__What is being asked__. Below are some records. Retype exactly the lines from the one containing "1999 CH / Dienstmarke" through the one containing "Zippo Abyss with zippo logo", both included, skipping every picture.

__Given data__.
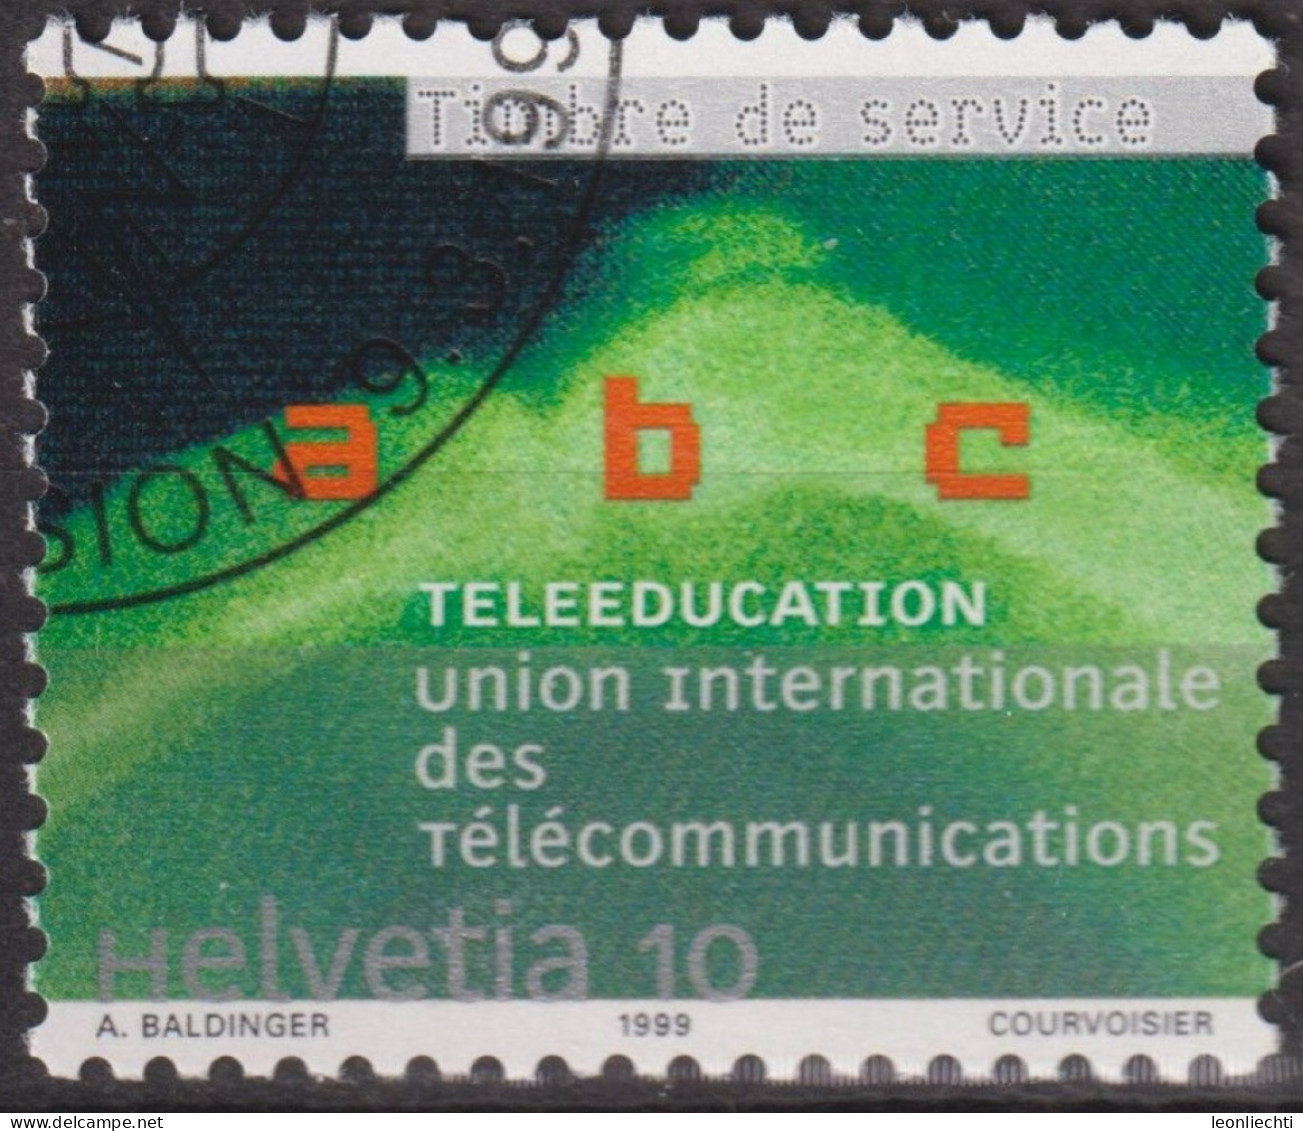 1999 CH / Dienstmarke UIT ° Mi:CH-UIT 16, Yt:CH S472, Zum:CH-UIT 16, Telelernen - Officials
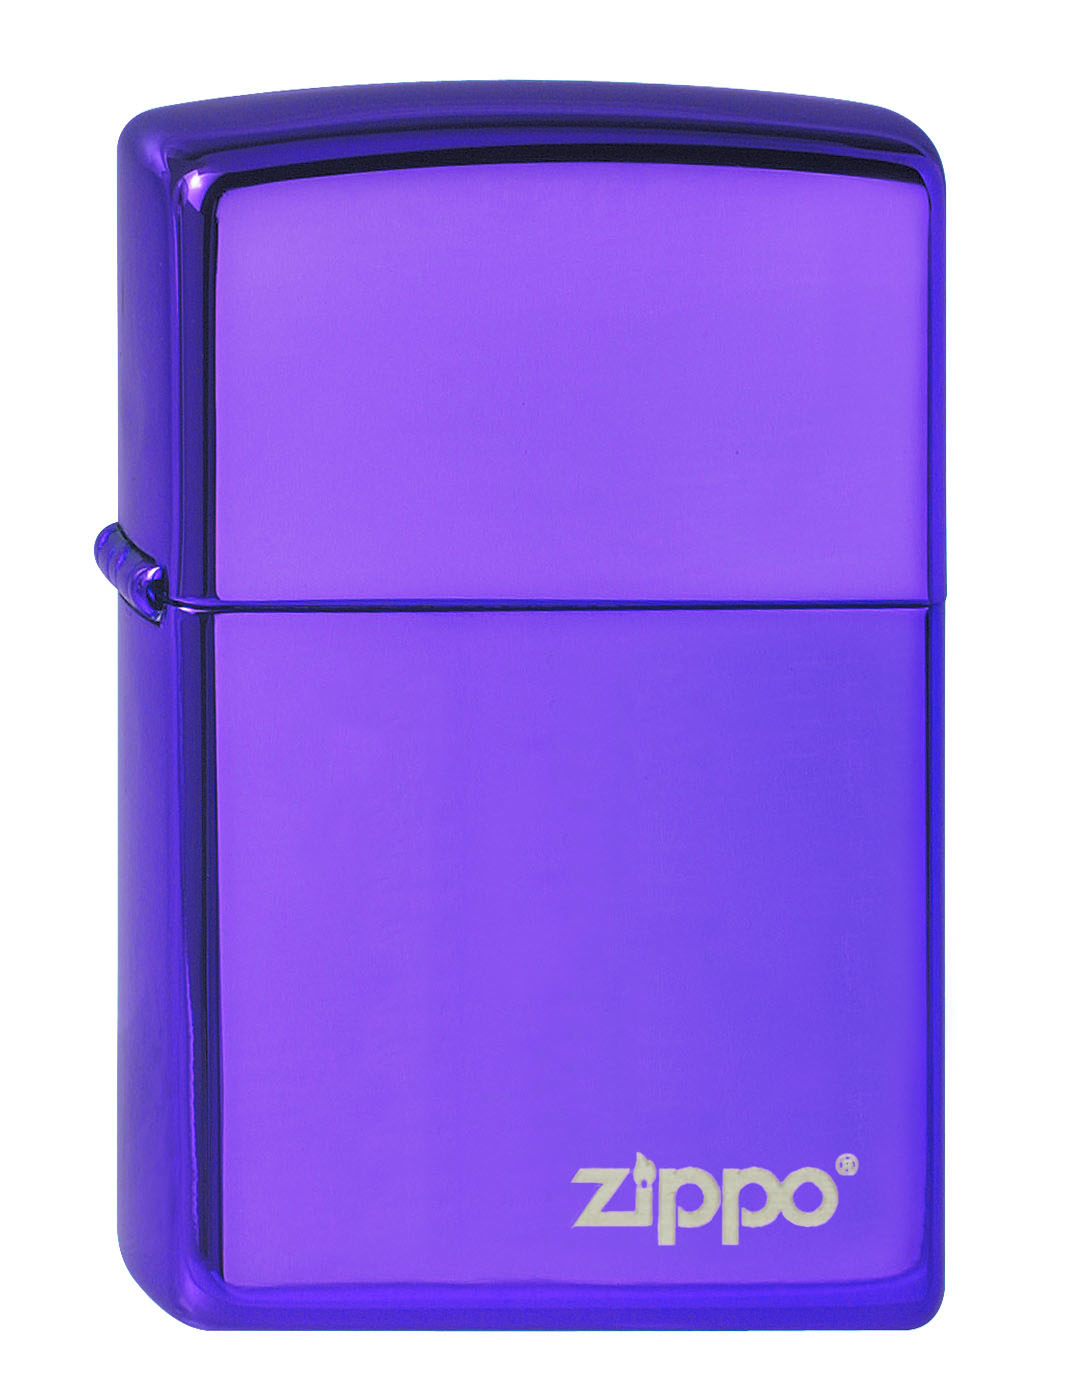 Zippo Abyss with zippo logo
...
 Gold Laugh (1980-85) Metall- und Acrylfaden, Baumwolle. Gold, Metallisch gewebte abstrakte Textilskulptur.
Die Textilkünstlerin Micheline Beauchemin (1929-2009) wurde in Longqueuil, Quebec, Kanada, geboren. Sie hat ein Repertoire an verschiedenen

__Exercise solution__.
 1999 CH / Dienstmarke UIT ° Mi:CH-UIT 16, Yt:CH S472, Zum:CH-UIT 16, Telelernen - Officials
 Zippo Abyss with zippo logo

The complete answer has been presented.